**PROBLEM TO WORK ON:**
What is needed is the exact text of each line in the listing below from the one with "Kanasina Maleyaadalu (2022)" up to and including the one with "Charles Dickens Museum - London Stock Photo", and no pictures.

**THE DATA:**
>>>>>
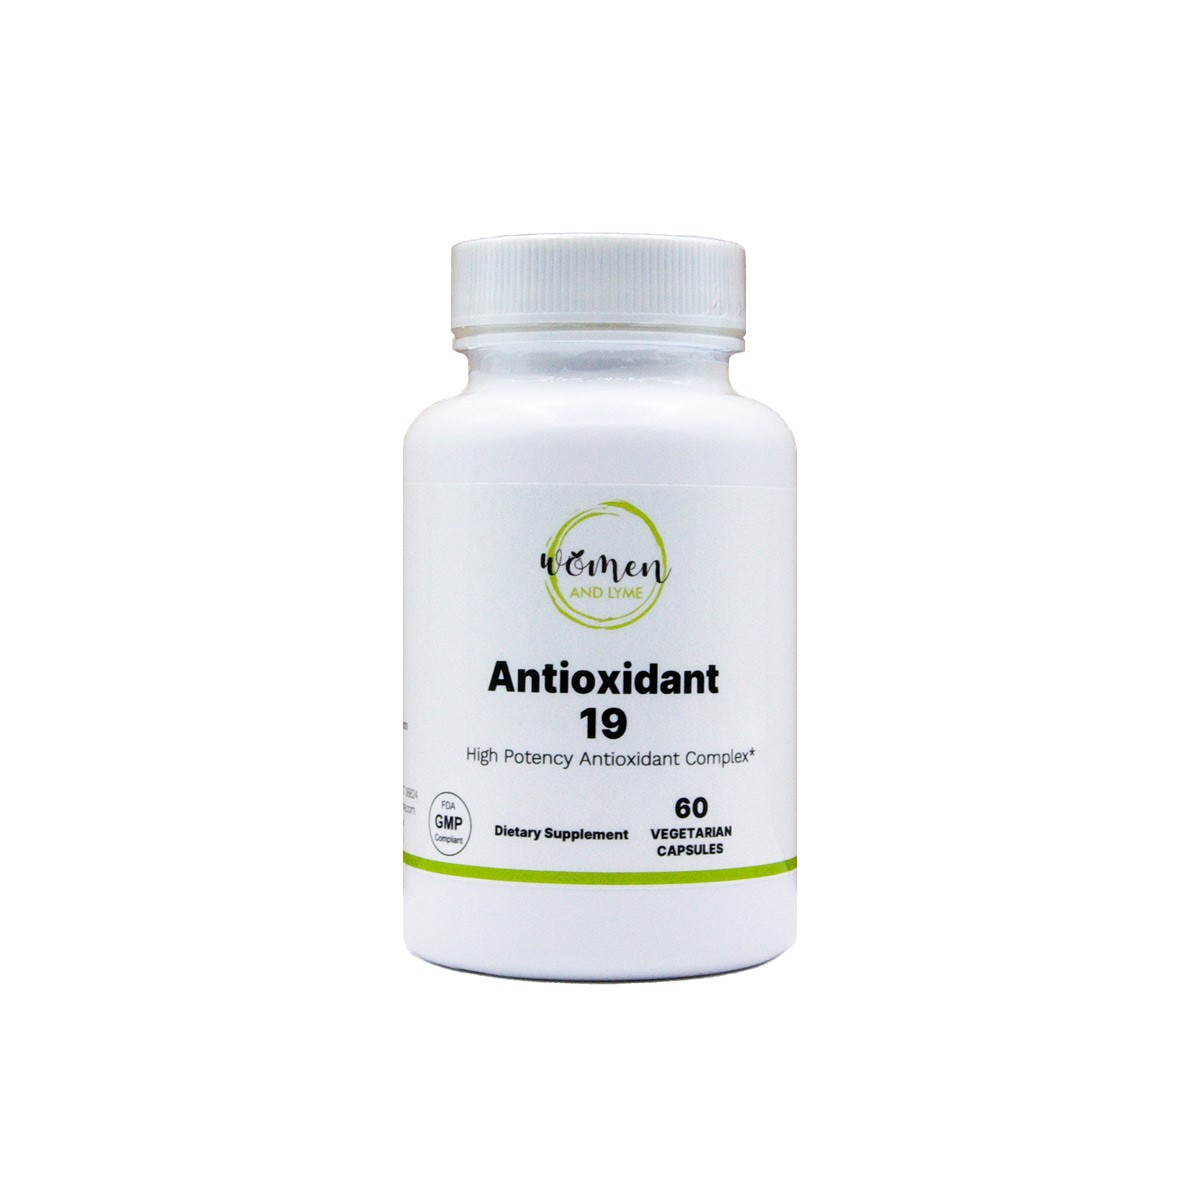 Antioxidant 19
<<<<<
>>>>>
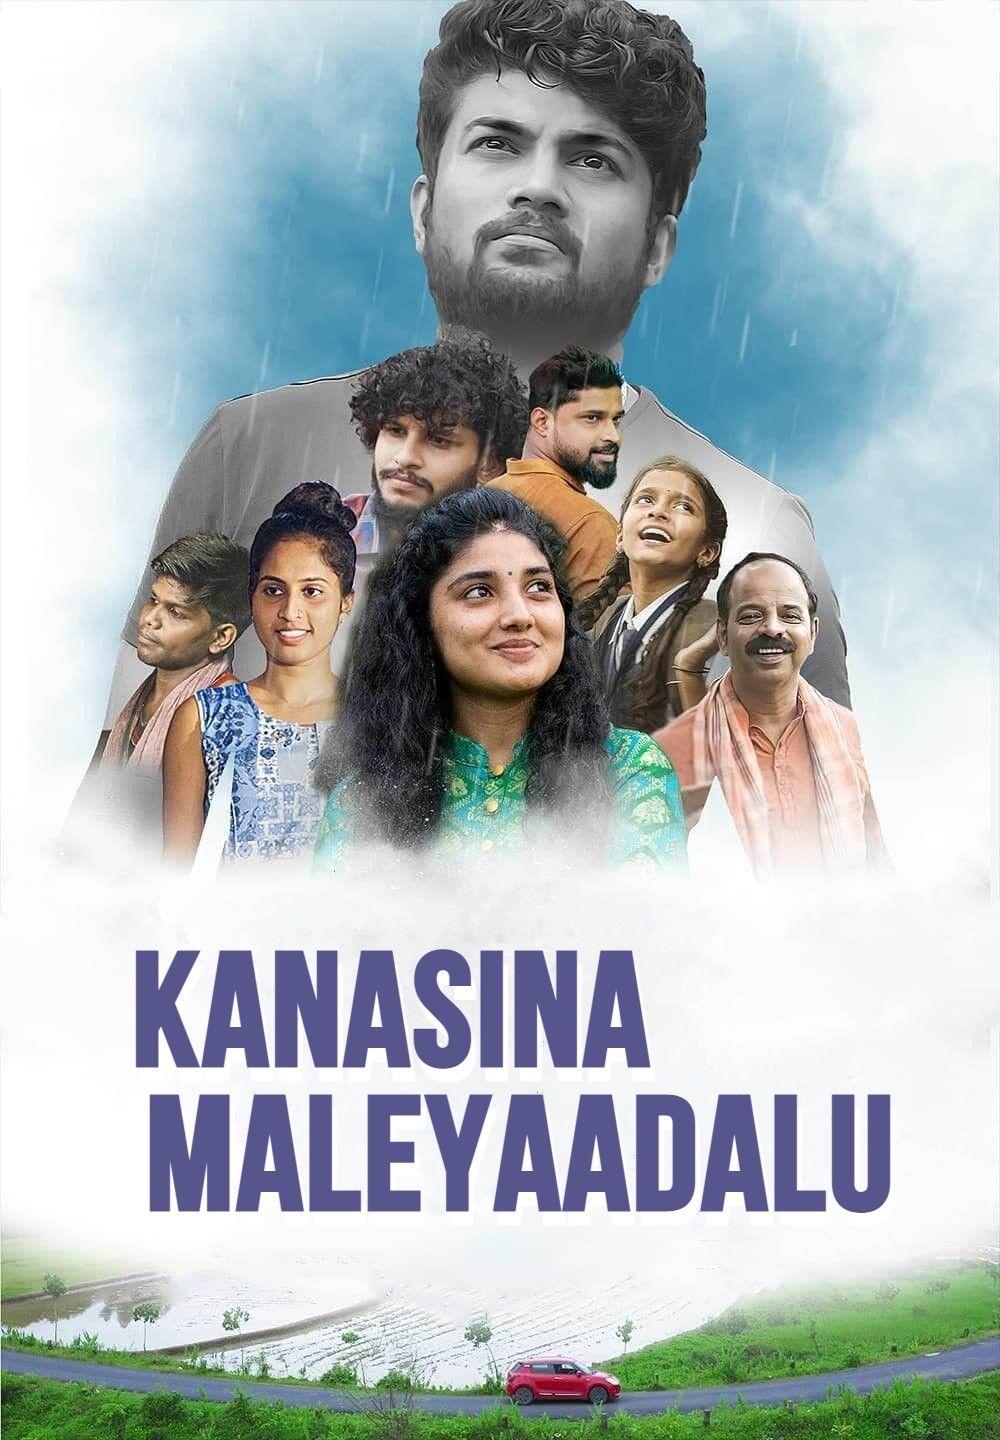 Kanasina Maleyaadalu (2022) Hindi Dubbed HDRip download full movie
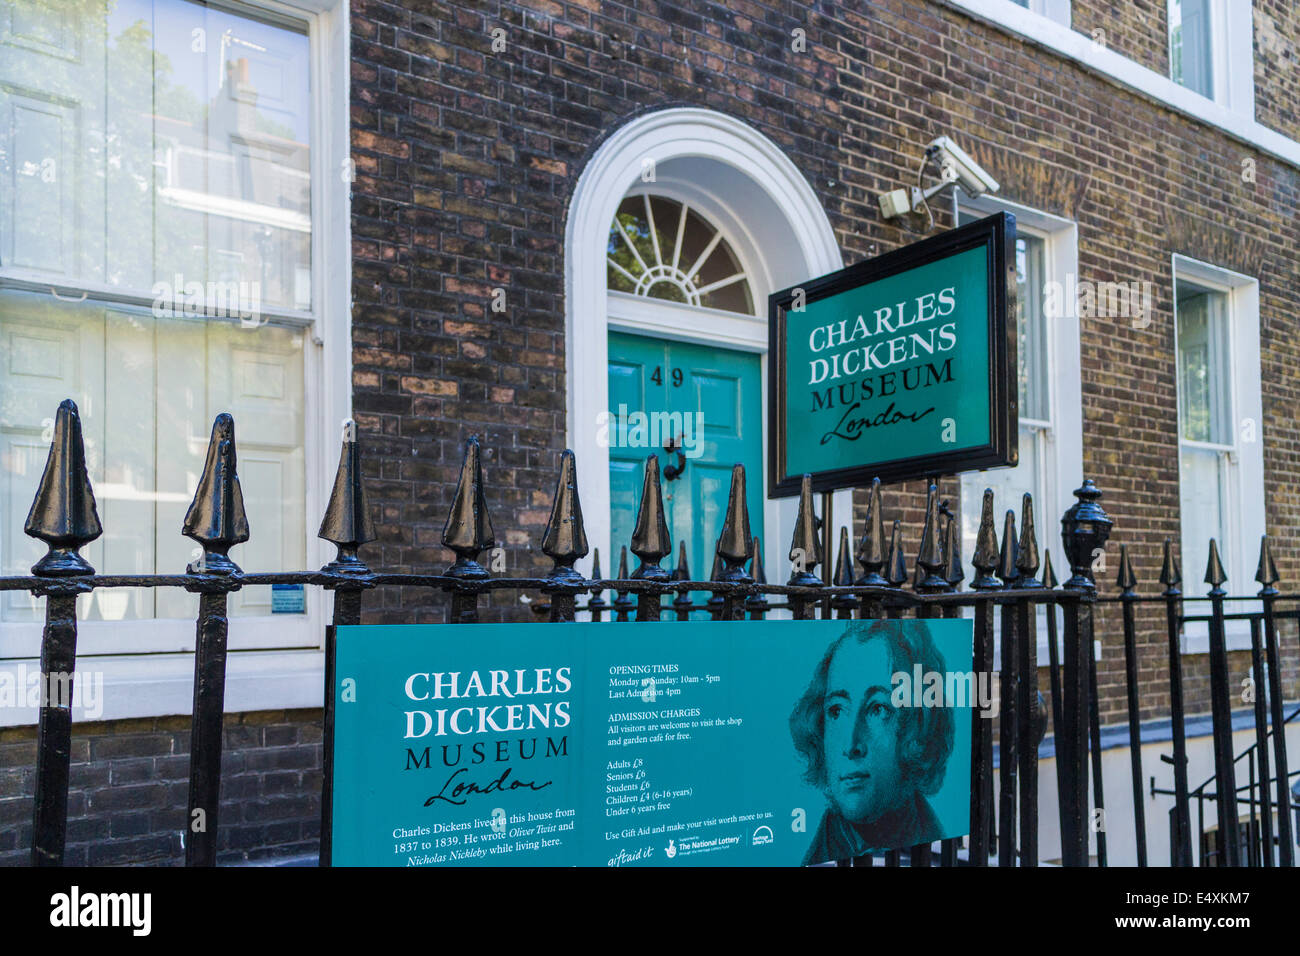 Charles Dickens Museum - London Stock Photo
<<<<<
>>>>>
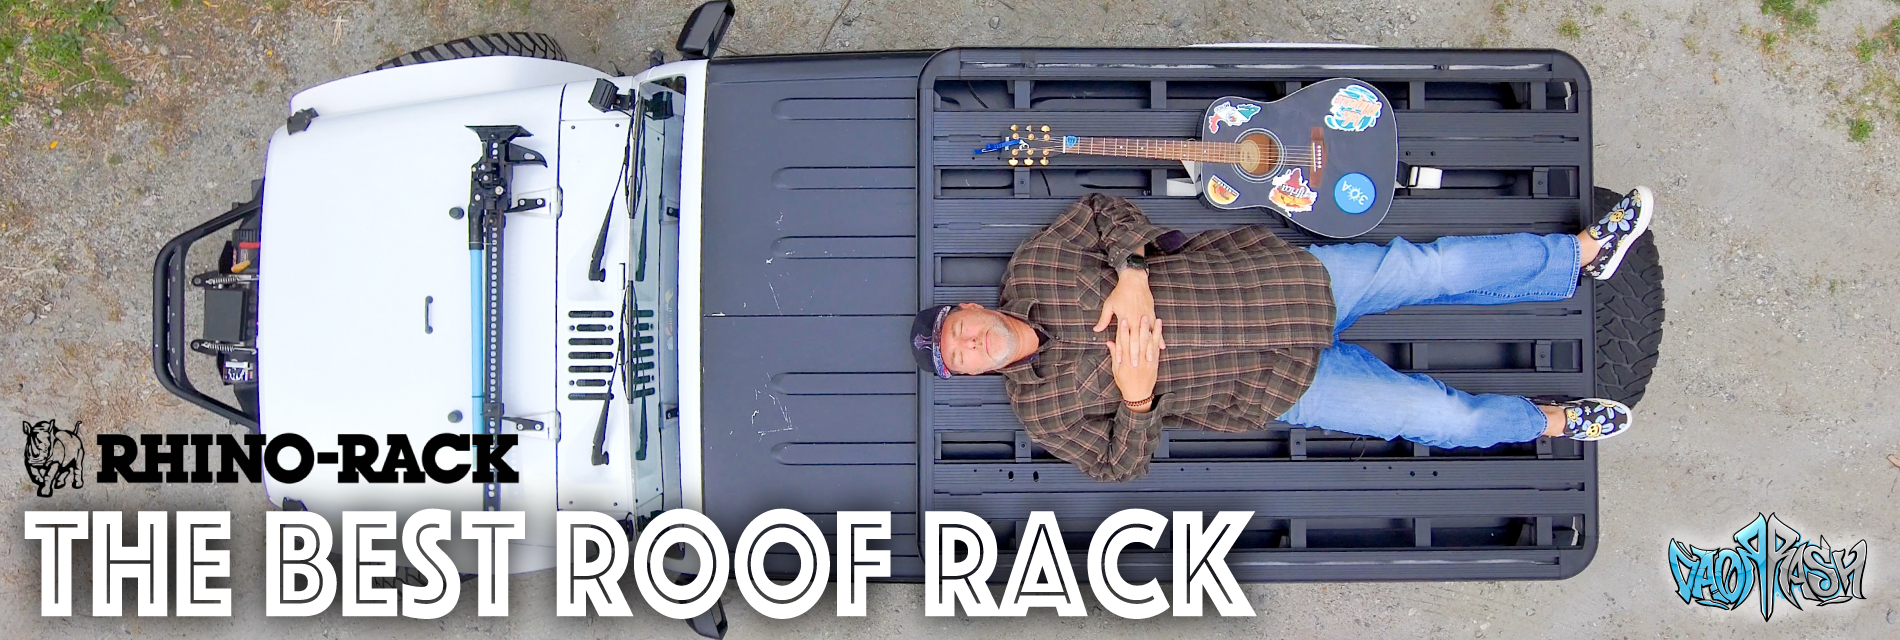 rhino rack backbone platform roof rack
<<<<<
**EXERCISE RESPONSE:**
 Kanasina Maleyaadalu (2022) Hindi Dubbed HDRip download full movie
 Charles Dickens Museum - London Stock Photo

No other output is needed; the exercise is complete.